Le texte est illustré de nombreuses cartes mais elles sont malheureusement pratiquement illisibles, ce qui est fâcheux pour ce genre d'ouvrage.

En introduction l'auteur nous signale que son étude a pour but d'évaluer les possibilités d'adaptation de la société aux mutations économiques.

Il définit le bassin industriel «... comme un territoire initialement construit pour assurer le rendement optimum de l'industrie lourde en tirant profit des ressources locales en matières premières et en main-d'œuvre et en concentrant géographiquement les innovations scientifico-technologiques majeures qui caractérisent la révolution industrielle».

Les bassins se sont constitués par accumulation des activités industrielles autour des gisements de matières premières. Cependant leur développement n'a pu se faire que grâce à la rencontre de quelques facteurs-clés comme : la mutation du système énergétique qui donne au charbon un rôle-clé dans l'économie, les innovations dans les industries du feu, les coûts prohibitifs des transports, une main-d'œuvre suffisante et qualifiée, des capitaux, un cadre étatique, des entrepreneurs.
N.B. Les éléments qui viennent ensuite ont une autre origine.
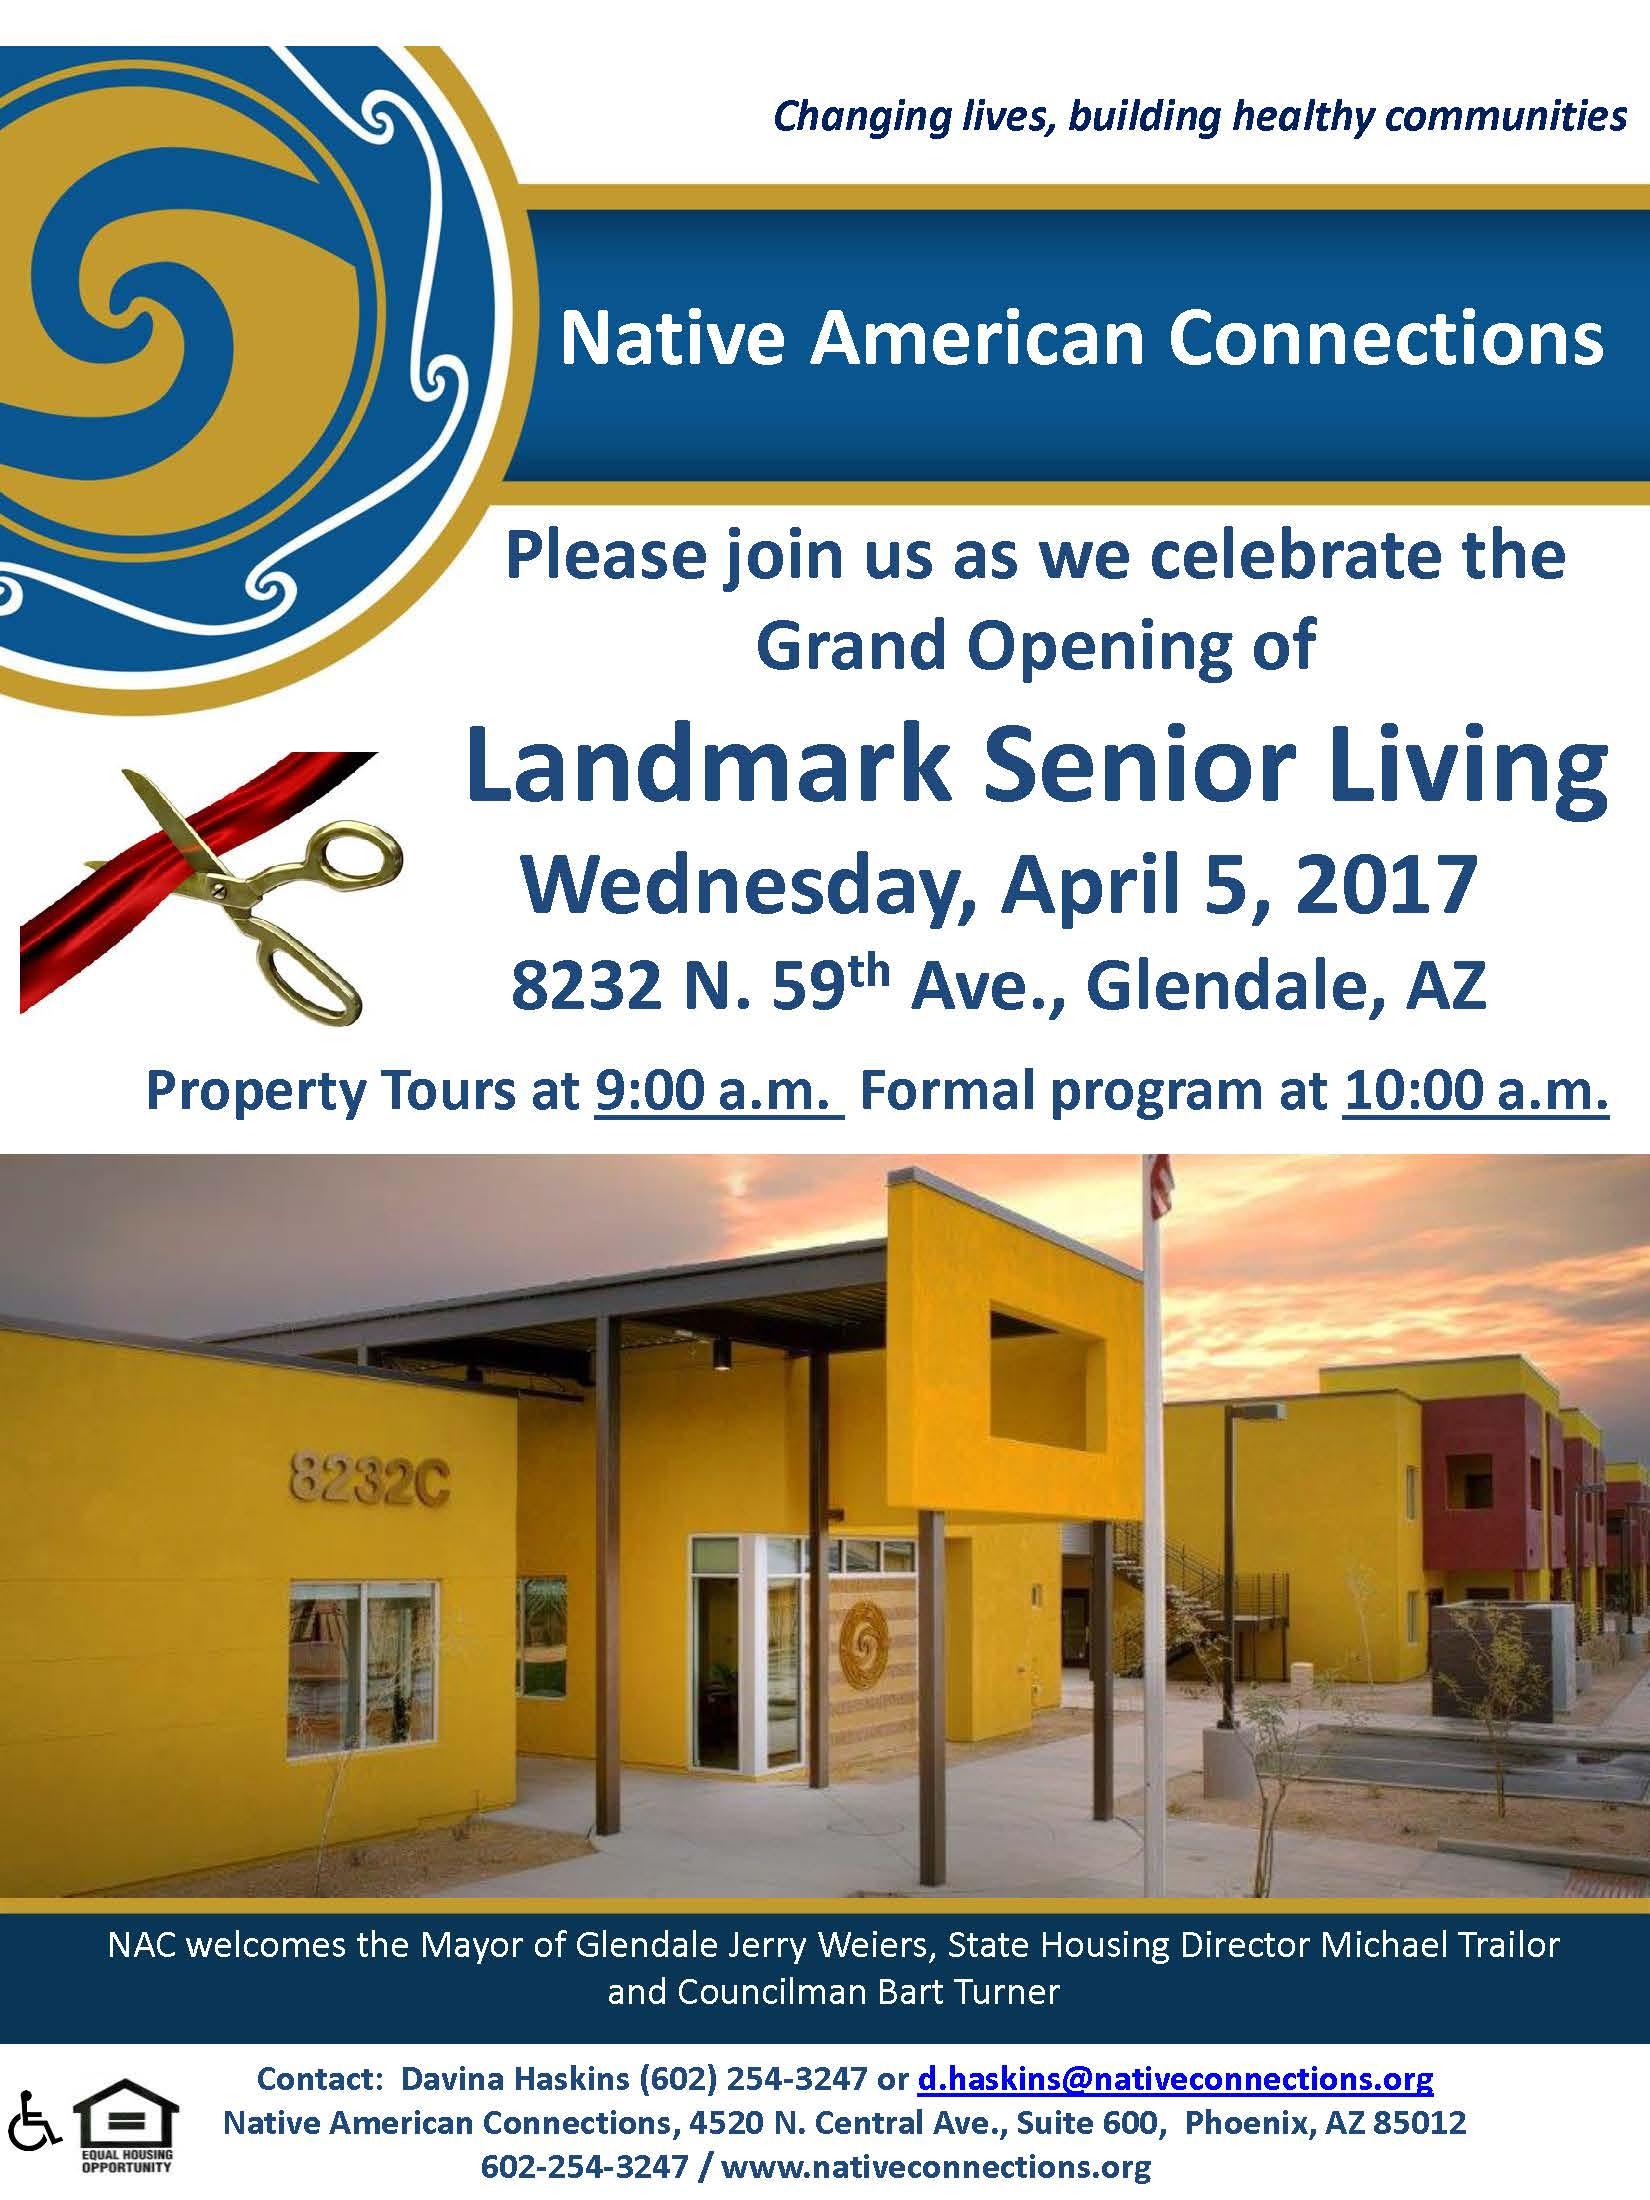 Merveilleux Landmark Senior Living Grand Opening!

L'aspect humain est présent tout au long de ces pages où l'on assiste au développement de communautés ouvrières aux conditions de vie difficiles, exploitées par le patronat. C'est le cas, notamment, de la Ruhr où Hitler supprime les syndicats, tout en se méfiant également des patrons. Dans ce bassin, la crise de 1929-33 aggrave encore les conditions de travail. Partout, le fossé entre les très pauvres et les très riches s'est creusé davantage, les femmes et les enfants sont exploités de façon outrancière dans les mines et les fabriques. Mais une vie sociale, une vie communautaire s'organisent où les bistrots, les fêtes et les bals jouent un rôle important pour la diffusion des idées syndicales.

Qu'en est-il aujourd'hui de la reconversion de ces bassins, dénommés « Régions de Traditions Industrielles » (RETI) dans le jargon communautaire ?
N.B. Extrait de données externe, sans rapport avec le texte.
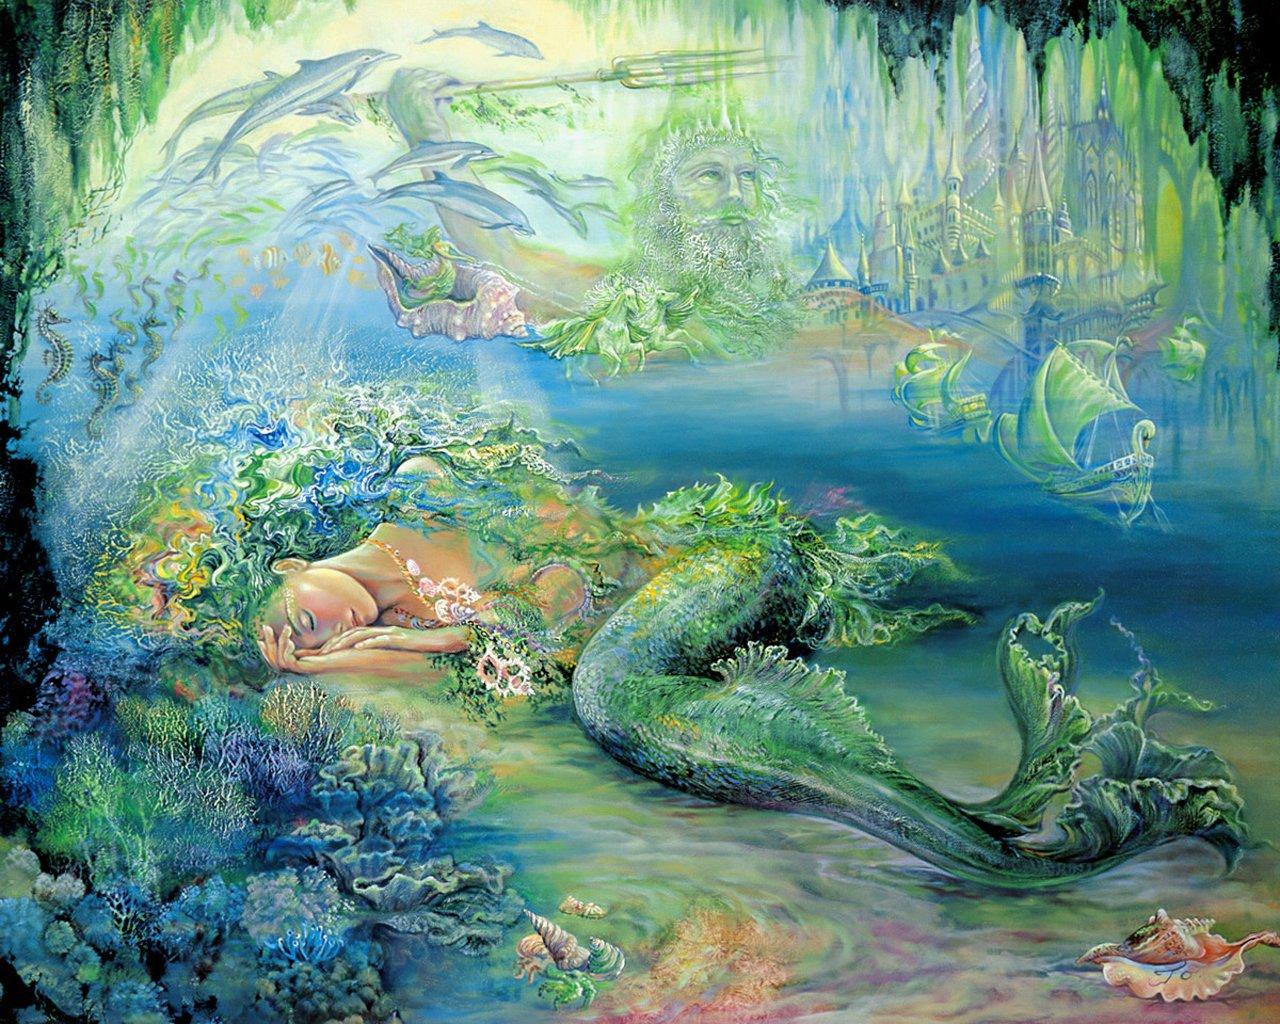 Fantasy_wallpapers_pictures_screensavers__art_drawing_paintings_dreams_atlantis

Suivant leur degré de diversification et suivant leur taille ils s'en tirent plus ou moins bien. Certains trop petits, trop spécialisés ont rapidement décliné sans trouver de voie de reconversion.

La logique qui était à la base des bassins industriels perd chaque jour de sa nécessité en raison de la primauté croissante des facteurs immatériels.

Les six RETI d'Europe accusent un taux de croissance macroéconomique inférieur à celui de l'Union européenne, sauf dans le cas de la Ruhr avec le Nordrhein-Westfälen. Ce land allemand avait mis sur pied, dès 1968, un important programme de conversion qui a porté ses fruits (travaux d'infrastructure, formation professionnelle et universitaire, etc.). Cette refonte territoriale contraste avec l'immobilisme du Nord/Pas-de-Calais. Le fédéralisme est ici l'agent primordial de la reconversion.

Ailleurs le redéploiement industriel, plus ou moins réussi selon les bassins se fait sur de nouvelles bases formées de PME à haute technologie avec intervention obligée des organismes régionaux, de l'Etat et de l'Union européenne.

Certes les bassins industriels sont en déclin mais ils constituent un patrimoine sur lequel s'appuie le progrès de la société moderne et l'auteur nous fait remarquer que la plupart des bassins industriels font partie de l'espace central ouest-européen qui va de Glasgow et du Nord-Ouest de l'Angleterre jusqu'à l'Italie centrale. Depuis le haut Moyen Age, cette Lotharingie a toujours été et reste la zone la plus prospère de l'Europe. Et les bassins industriels sont à l'origine de la Communauté européenne avec la CECA.